Page 47 of Yours, Unexpectedly

We also have the same coffee order, so he takes a sip of one of the black coffees in front of us and asks, “How are you?” Forever straightforward and to the point.

I nod slowly. “I’m good,” is my brilliant reply.

His eyebrow quirks up but he doesn’t say anything, just waits me out until I’m ready to spill, knowing that I will eventually. Even if it isn’t today.

I continue on, nodding dumbly. “Classes are good. I am really enjoying my practicum at the advocacy center. It’s really difficult but also fuels me in a way that I didn’t know was possible. I really feel like I’m making a difference.”

I think my family was surprised when I decided to major in social work. My dad, Gabe, and Ben all work in finance, but numbers aren’t my favorite thing. I knew I wanted to do something that would feel fulfilling at the end of the day, even if I couldn’t make the same salary that you can make at a financial firm.

“I’m glad you’re liking your field work. It’s an important job.” He slowly sips his coffee and I know he has more to say.
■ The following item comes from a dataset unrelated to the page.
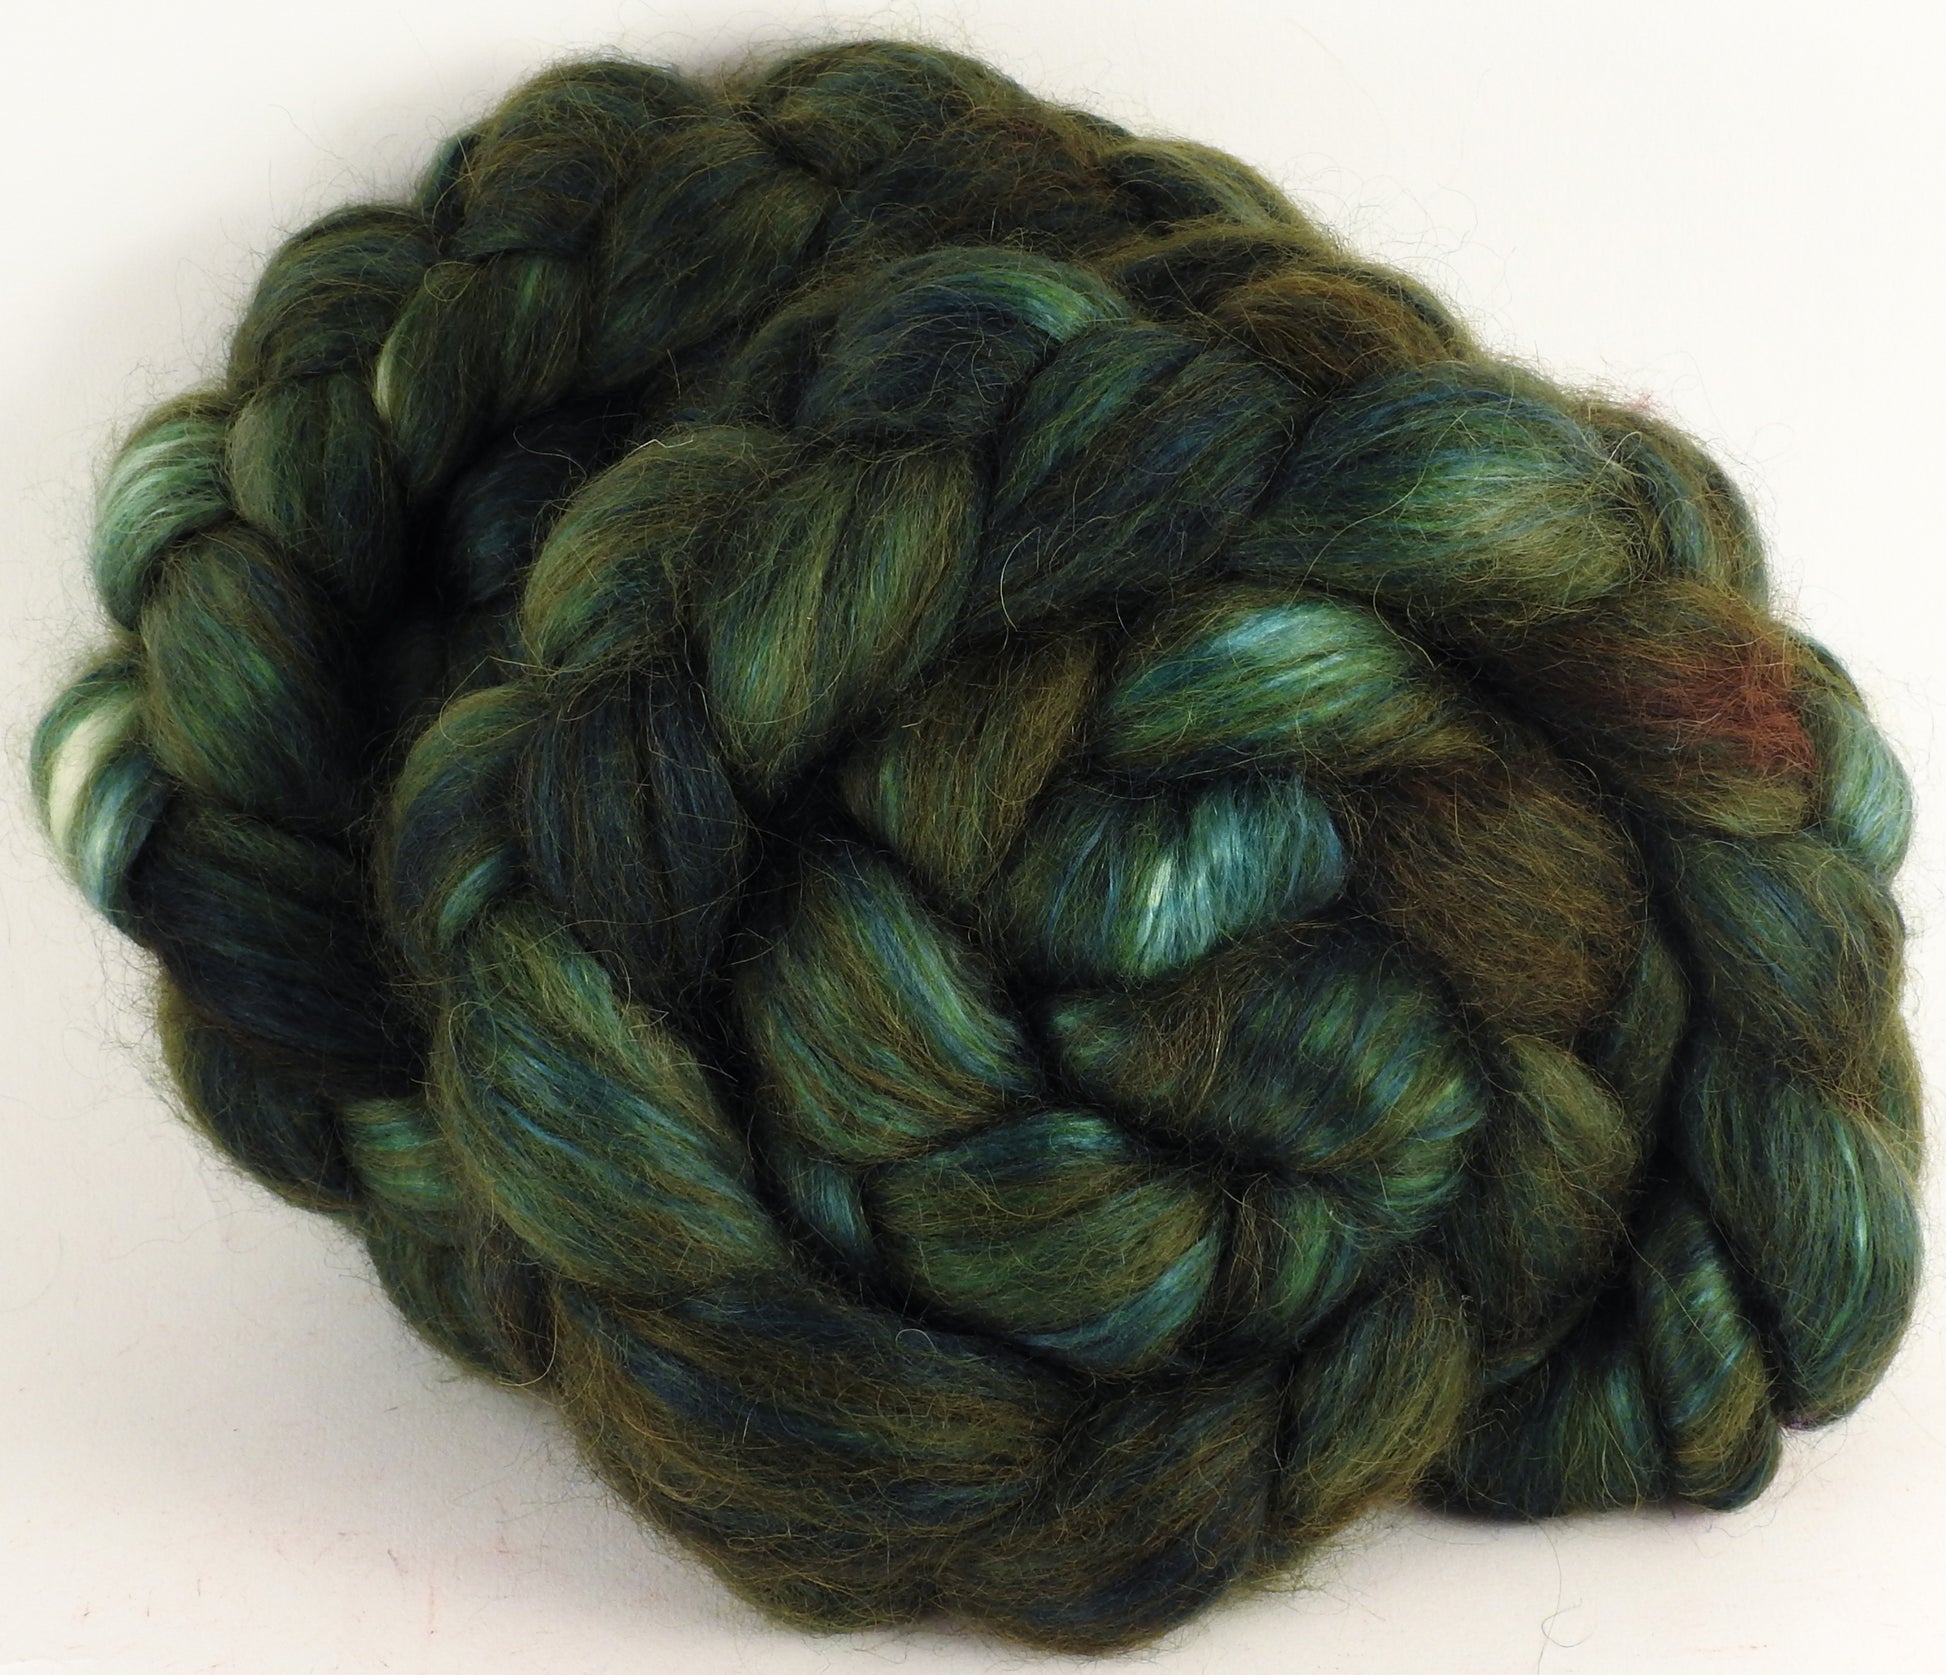 Hand-dyed wensleydale/ mulberry silk roving (65/35) - Zucchini - (5.3 oz.) - Inglenook Fibers

I can see the wheels turning as he decides how to phrase his next question. “How’s your class with Anders?”

The question takes me by surprise, but I should have seen it coming. Jules tends to fade into the background, which means he sees more than you think he does. I know he wants me to open up to him about what is happening with Anders, but I’m still not even sure I know what’s happening with Anders.

I love seeing him in class. Who knew Intro to Acting would become my favorite part of the week?

He still gets there early and leaves a to-go cup of black coffee by my chair. We don’t talk about class outside of it, but I can tell how much passion Anders has for acting, and I recognize the same fire burning in me when I get to talk to someone about my major and future career. He loves telling people’s stories and it’s fascinating to watch. I’d love to see more of that side of Anders, but I don’t want to cross a line when it’s already impossibly blurry.

I realize I’ve been silently contemplating my answer for too long when Jules interjects, “Or should I call him Professor Olsson?”

My jaw drops as my grumpy brother breaks into a wide grin, barely containing a full on laugh. “Really didn’t peg you for the type that had a thing for authority figures,” he continues.

My face feels red hot as I bury it in my hands. “Oh. My. God. I can’t believe those words just came out of your mouth. I do not have a ‘thing for authority figures,’ you creep,” I correct, unable to make eye contact with him.

“Then please do explain what the hell is going on with you and our eldest brother’s best friend. And don’t even think about saying ‘nothing,’” he chides.

I roll my eyes and lean my head back on a loud sigh. “But it is nothing, Jules. We’re friends. We see each other in class… and sometimes outside of class.” I chance a glance at Jules’ face but his eyes just look all-knowing. He’s always seen right through me.

“Oh sure, outside of class. Like when you hang out at Gabe’s apartment? Or at Sunday dinner?” he questions.

“Those places, mhmm.” I sip my coffee. “And maybe a few others.”

Jules just stares at me.

“Fuck,” I murmur. “Are we really doing this?”

He continues to stare at me.

“Fine!” I slam my coffee down hard enough for a few drops to slosh over the rim. “I like him, okay? I have for, I don’t know, ever, and he has feelings for me too but that freaked me the fuck out so I told him we couldn’t be more than friends with, erm, benefits.” I wince as I say these words to my brother. There are entirely too many Bardots that know the details of my sex life right now.

Jules, thank God, just gives me a “continue” gesture.

“I’ve always had a bit of a crush on Anders and—”

“We know.”

“—I’ve never acted on it obviously. Wait. You know?”

He has the audacity to outright laugh at this. “You aren’t exactly subtle, Bex. I’d wager a guess that our entire family, save maybe Gabriel because he has rose colored best friend glasses on when it comes to Anders, knows that you’ve had a crush on the guy since you were in high school.” He makes a circular motion around his face. “You read like one of your dirty books.”

I groan. “Oh God, why me?!”

“Is that rhetorical?”

I wad my napkin up and toss it at him. “Yes, it’s rhetorical you dingbat. Dammit. I don’t know what to do. Apparently this has been obvious to everyone, and I definitely don’t know what to do with that. I don’t like being oblivious and I don’t like being the butt of everyone’s jokes.”

Jules’ hand reaches across to mine. “Hey, slow down. No jokes here—we just care about you. And I actually think you and Anders would be really good together. He’s always brought out a side of you that you keep hidden from most people. I see the way you two banter with each other.”

I put my other hand on top of his, forming a Jules hand sandwich before laying my head down on the table. He just puts his other hand on top of mine until we look like a little league team getting ready to take the field.